Members of the Think Kidneys Primary Care Working Group developed a range of scenarios in order to help identify steps to be taken by both the Clinical Pathology Service and Primary Care in response to AKI Warning Stage results. The scenarios were written with a level of precision that reflected day-to-day clinical care. It was not possible to test all possible scenarios that might exist in every day practice. However, key variables to consider when responding to AKI Warning Stage Test Results, which we tested through the RAND process included:
- What is the stage of AKI?
- Is there a history of acute illness?
- Does the patient have existing significant co-morbidities and risk factors?
- AKI Warning Stage Test Results in the context of Chronic Health Failure
- AKI Warning Stage Test Results in the context of Chronic Kidney Disease
- Has there been a recent increase in dose of diuretics, ACE Inhibitors, Angiotensin Receptor Blockers or Aldosterone Antagonists?
- Is Intrinsic Renal Disease suspected?
- Is urinary tract obstruction suspected?
- Are there any complicating factors?
- Hyperkalaemia
- Is there evidence of poor oral intake/urine output
We will know within a few weeks how much consensus we have achieved. We intend that the outputs from the clinical biochemistry section will influence national policy on communication of abnormal test results (e.g. which results should be phoned through). The outputs from the clinical scenarios will be used, along with other sources of information, to develop a ‘Handy Guide’ for primary care. In order to ensure that the guidance document fits with every day clinical practice, we plan to present and seek feedback from Clinical Commissioning Groups and Patient Safety Collaboratives. We then intend to publish the guide on the Think Kidneys Website and welcome comment – watch this space…

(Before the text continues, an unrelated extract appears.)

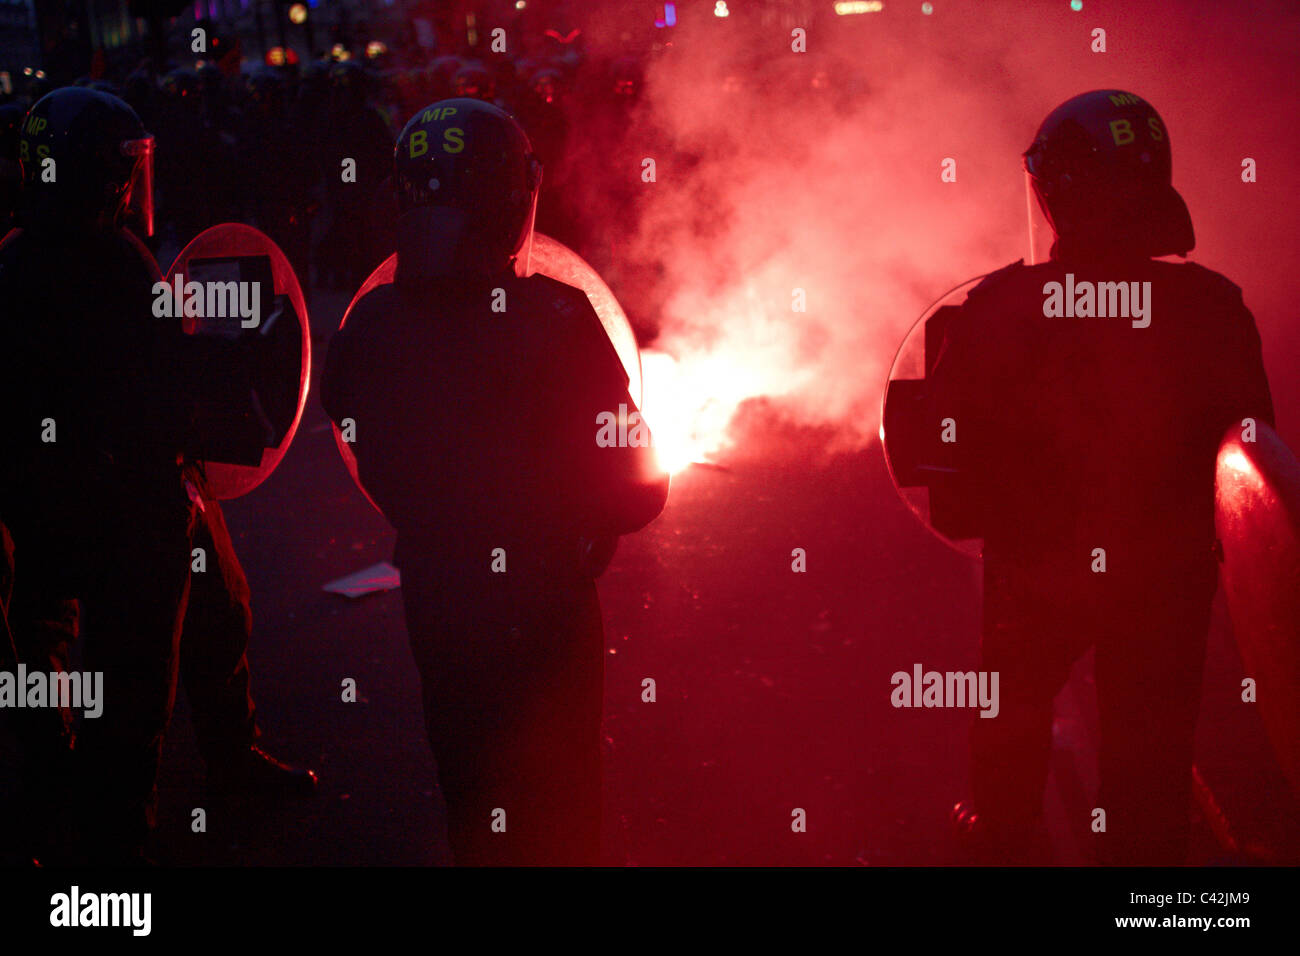 Riot policeman silhouetted against a red flare during the March for the Alternative Stock Photo

To sum up, does your brain still hurt? Have you still got room to spare? If so, we welcome your input to minimise information burden and maximise the potential for AKI Warning Stage Test Results to support safe and effective care. We’ve got five years…!
References
- Mehta RL, Cerdá J, Burdmann EA, Tonelli M, García-García G, Jha V, Susantitaphong P, Rocco M, Vanholder R, Sever MS et al: International Society of Nephrology’s 0by25 initiative for acute kidney injury (zero preventable deaths by 2025): a human rights case for nephrology. The Lancet, 385(9987):2616-2643.

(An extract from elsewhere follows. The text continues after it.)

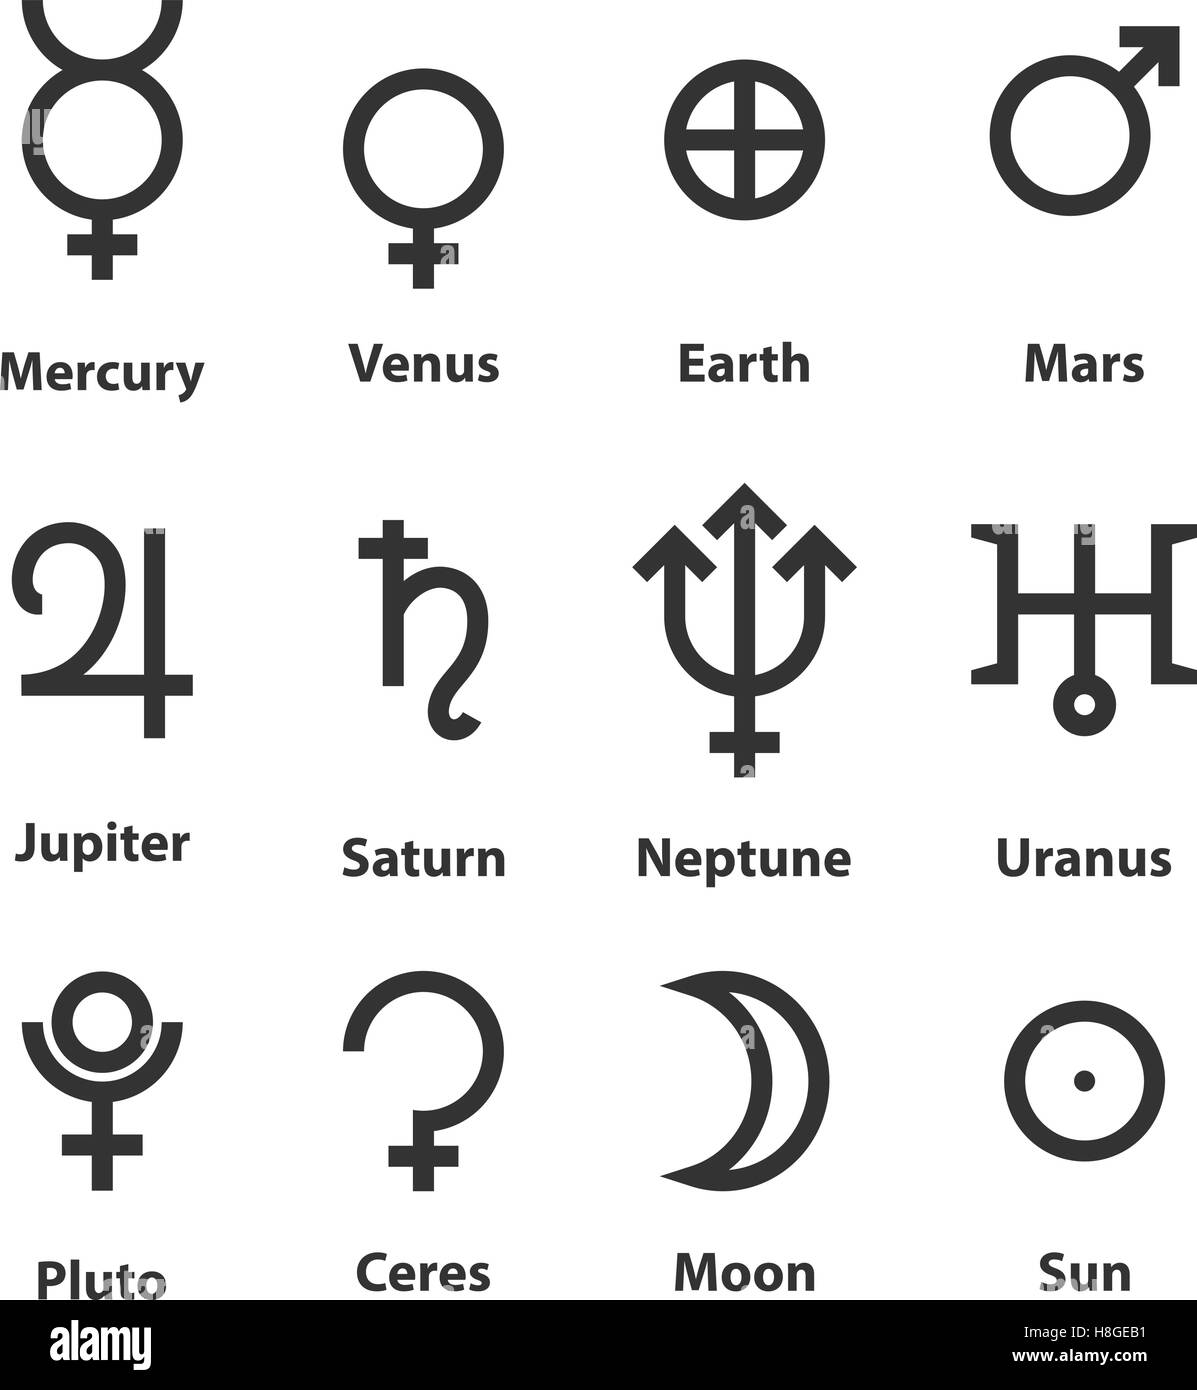 Zodiac and astrology symbols of the planets. Vector illustration Stock Vector

- England N: The Forward View into Action: Planning for 2015/16. In.: NHS England Publications; 2014.
- Wang HE, Muntner P, Chertow GM, Warnock DG: Acute Kidney Injury and Mortality in Hospitalized Patients. American Journal of Nephrology 2012, 35(4):349-355.
- Selby NM, Kolhe NV, McIntyre CW, Monaghan J, Lawson N, Elliott D, Packington R, Fluck RJ: Defining the Cause of Death in Hospitalised Patients with Acute Kidney Injury. PLoS ONE 2012, 7(11):e48580.
- May C, Montori VM, Mair FS: We need minimally disruptive medicine. BMJ 2009, 339:b2803.
- Fitch K BS, Aguilar MD, Burnand B, LaCalle JR, Lazaro P, van het Loo M, McDonnell J, Vader JP, Kahan JP: The RAND/UCLA Appropriateness Method User’s Manual. Santa Monica: RAND; 2001.
- McCartney M, Treadwell J: The RCGP’s new standing group on overdiagnosis. BMJ 2014, 349.